Why did I want to become a teacher?

From a really young age I remember wanting to become a primary teacher. I would come home after a hard day in primary one and would sit my Gran and Grandad down and take a register, ask if they were pack lunch or home dinners and tell them about the day’s lessons. I really enjoyed my experience in primary school and the teachers I encountered played a huge part in this. They made my learning experience fun and exciting. It wasn’t always a case of just working out a textbook. One that sticks with me is when we were studying Victorian Britain and we made a Victorian classroom at the back of our classroom. Even now I still remember everything about Victorian Britain because we actually experienced it.  When I become a teacher I aim to create lessons like that so the pupils are actively learning rather than me dictating to them.

The older I got the ambition of becoming a primary teacher was always there. In S3 at high school I chose to do my weeks work experience at my old primary school. It was strange going back and participating in the teaching aspect of it. At this point I realised that this was what I really wanted to do when I grew up. I remember I was helping a primary one girl with writing her ‘kicking k’s’ and she would always write them backwards. I worked with her for only a small matter of time, helping her write them the correct way. The following week I went back and looked at her jotter, here were a line of perfect ‘K’s’. The feeling I got from this is hard to describe, it’s an accomplishment for yourself as you have taught her how to do something she will use every day for the rest of her life.

When I become a teacher I want to make my pupil’s learning experience as enjoyable and interactive as it possibly can be. Personally when I look back on my time at school, you remember the lessons and the input of the lessons in which you interacted, whether it was in groups or on the interactive white board these are the ones that stick by you.
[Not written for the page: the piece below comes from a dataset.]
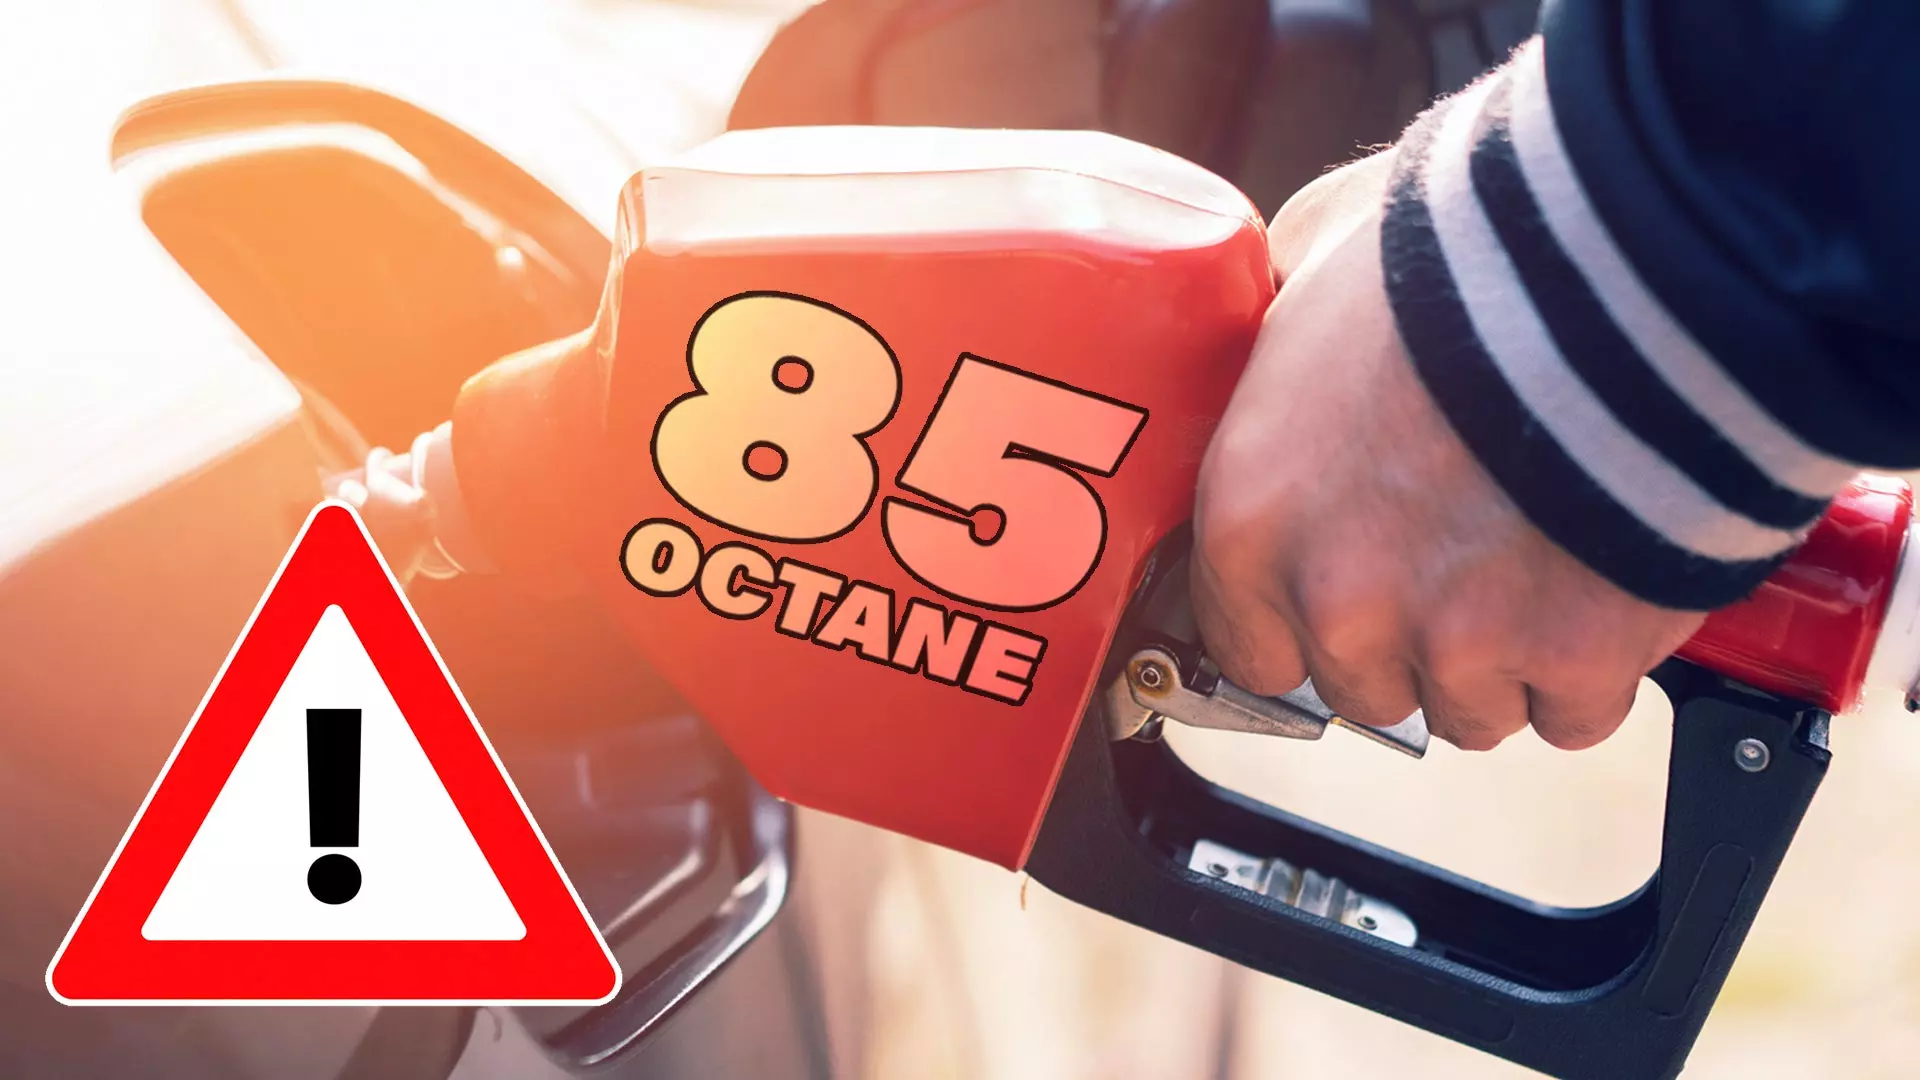 Engineering Explained Stopped Me From Screwing Up a Rental Car&#8217;s Engine With 85 Octane Gas | Autance

I want to be that teacher, when someone I taught is sitting in my positon now and they are writing something like this, I am the one that they are thinking of because I made there time at school the most pleasurable it can be and played a part in them fulfilling there learning to the highest possible standard.

 

One thought on “Why did I want to become a teacher?

  1. Hi Shannon,
    It is lovely to be able to read this. The point about learning outside of the text book is, imo, really important. I can remember, 50 years ago, making a 3d model of our village and surrounds in paper-machie. I can’t recall any text books.
    I do hope someone you teach will be blogging about starting teaching in a few years time.

    finally as someone working on glow blogs I am very excited in seeing you and your fellow students using blog , I hope that the experience is positive and you go on to see a positive effect of your learners sharing their learning.